Segment Open

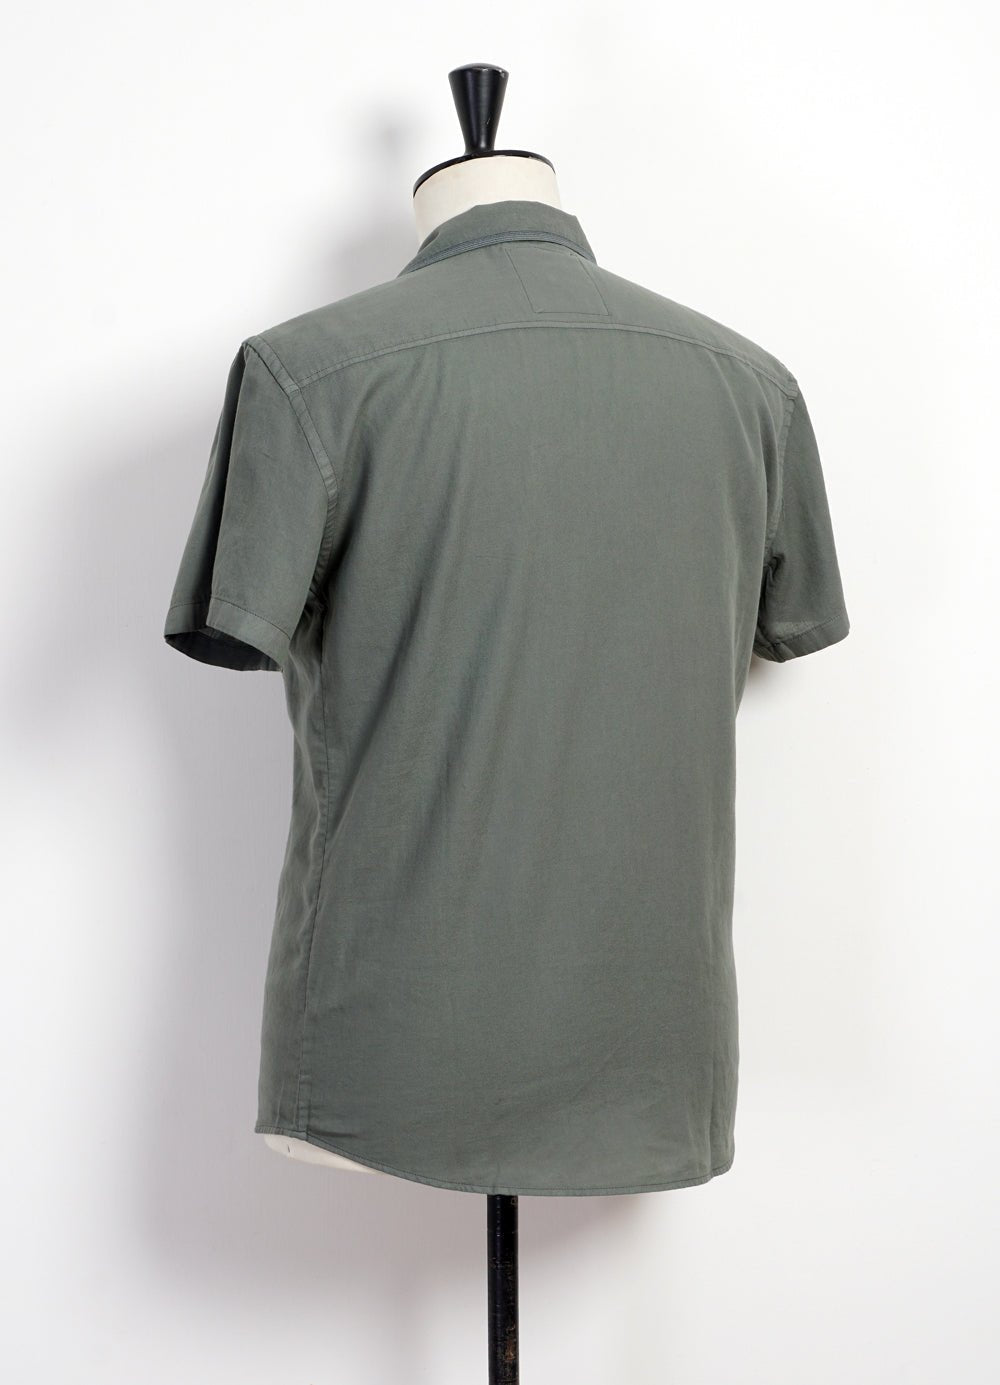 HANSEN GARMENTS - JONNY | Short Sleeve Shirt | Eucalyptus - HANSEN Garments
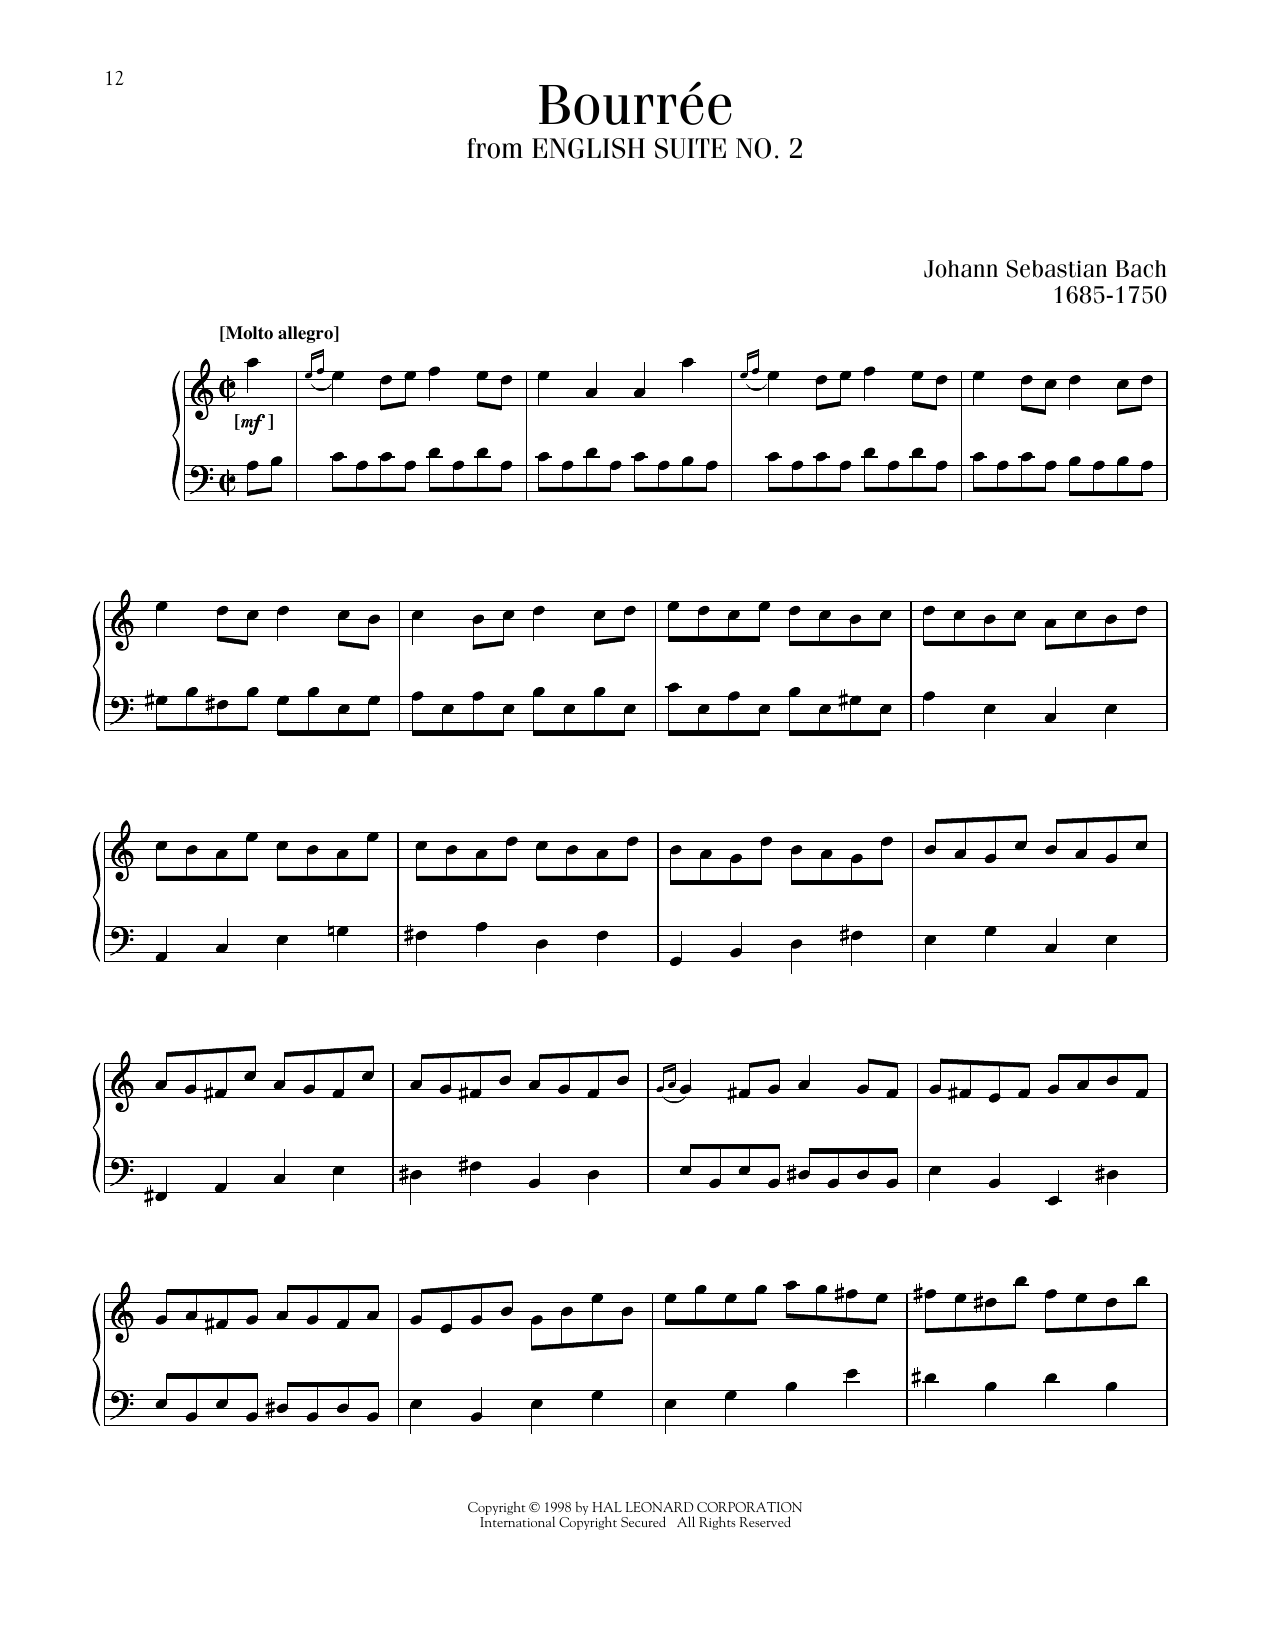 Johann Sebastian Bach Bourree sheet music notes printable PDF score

Segment Closed
Segment Open

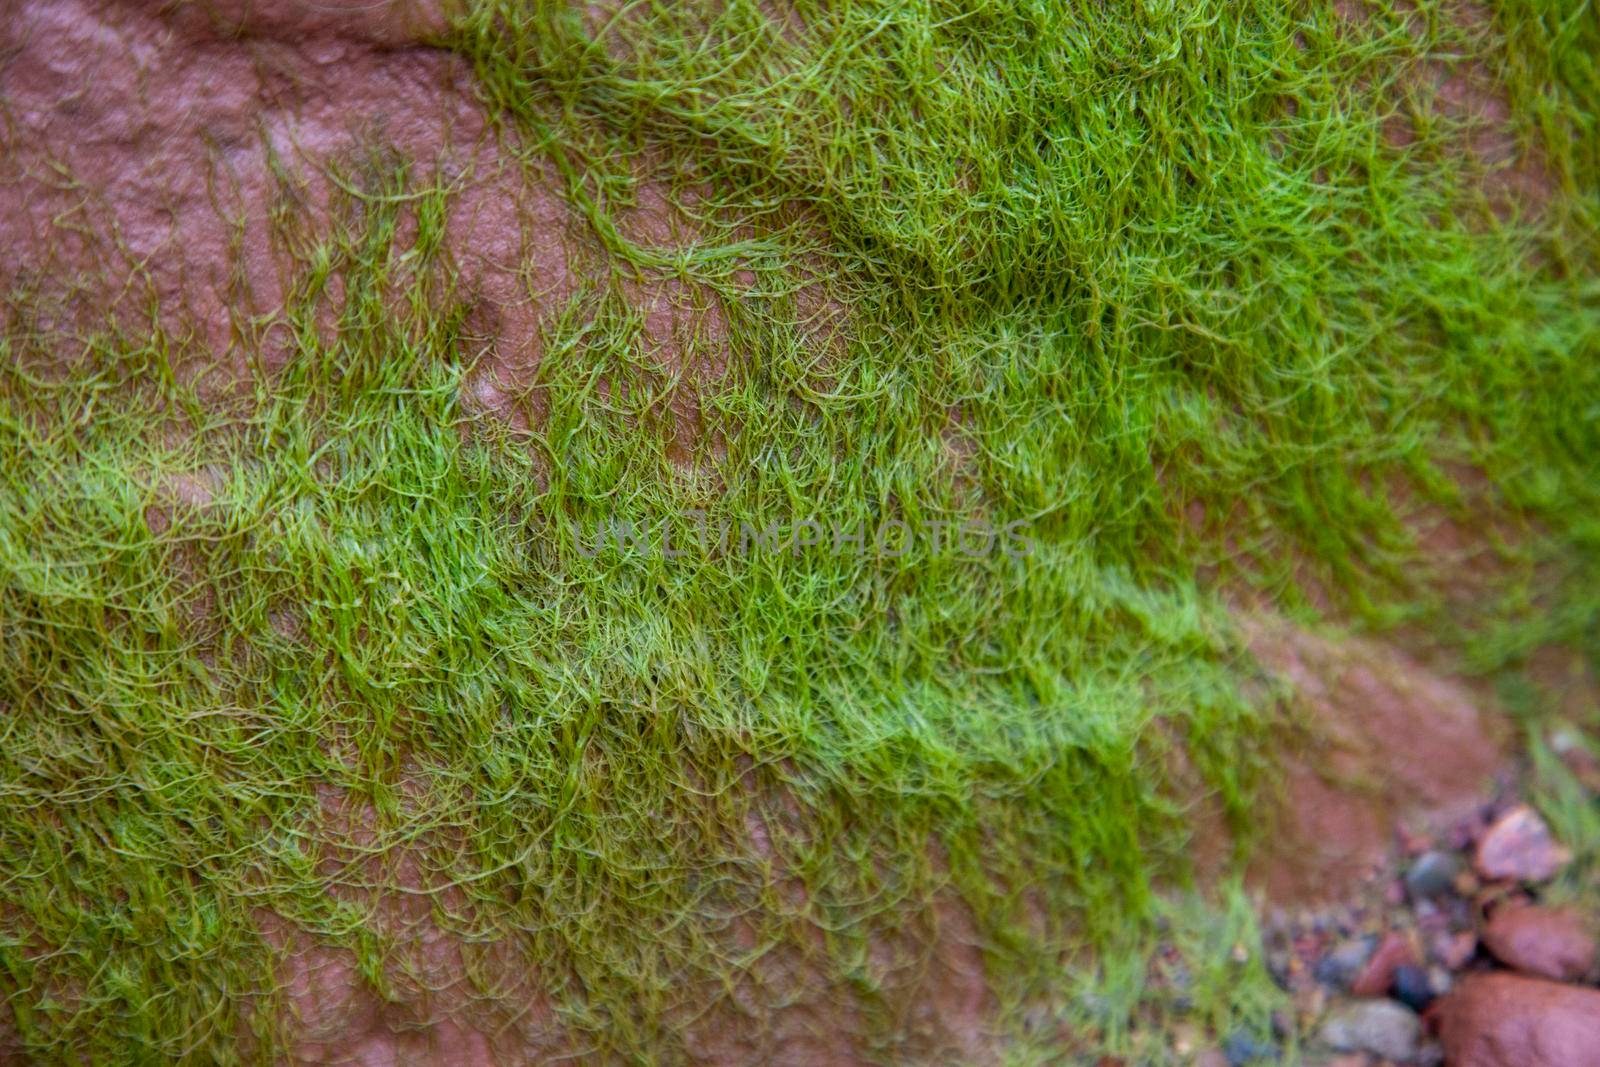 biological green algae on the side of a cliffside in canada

Segment Closed
Segment Open

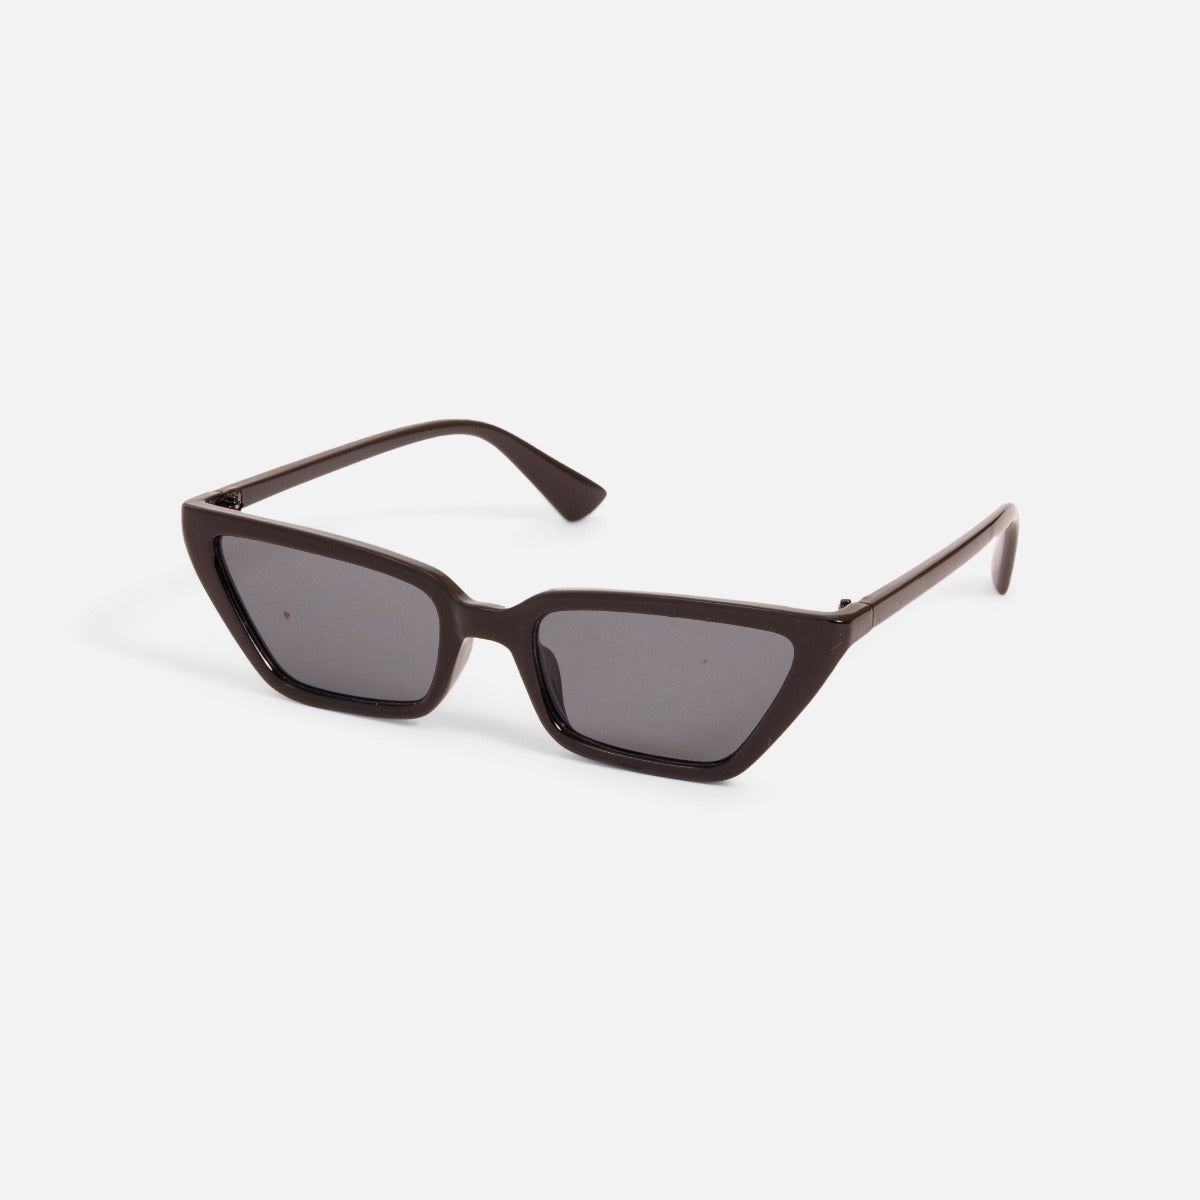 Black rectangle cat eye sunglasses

Segment Closed

**Goal of the exercise**
Would you set down only the lines above from the line with "HANSEN GARMENTS - JONNY" to the line with "Johann Sebastian Bach", both included, exactly as they stand and without the pictures?

**Solved exercise**
 HANSEN GARMENTS - JONNY | Short Sleeve Shirt | Eucalyptus - HANSEN Garments
 Johann Sebastian Bach Bourree sheet music notes printable PDF score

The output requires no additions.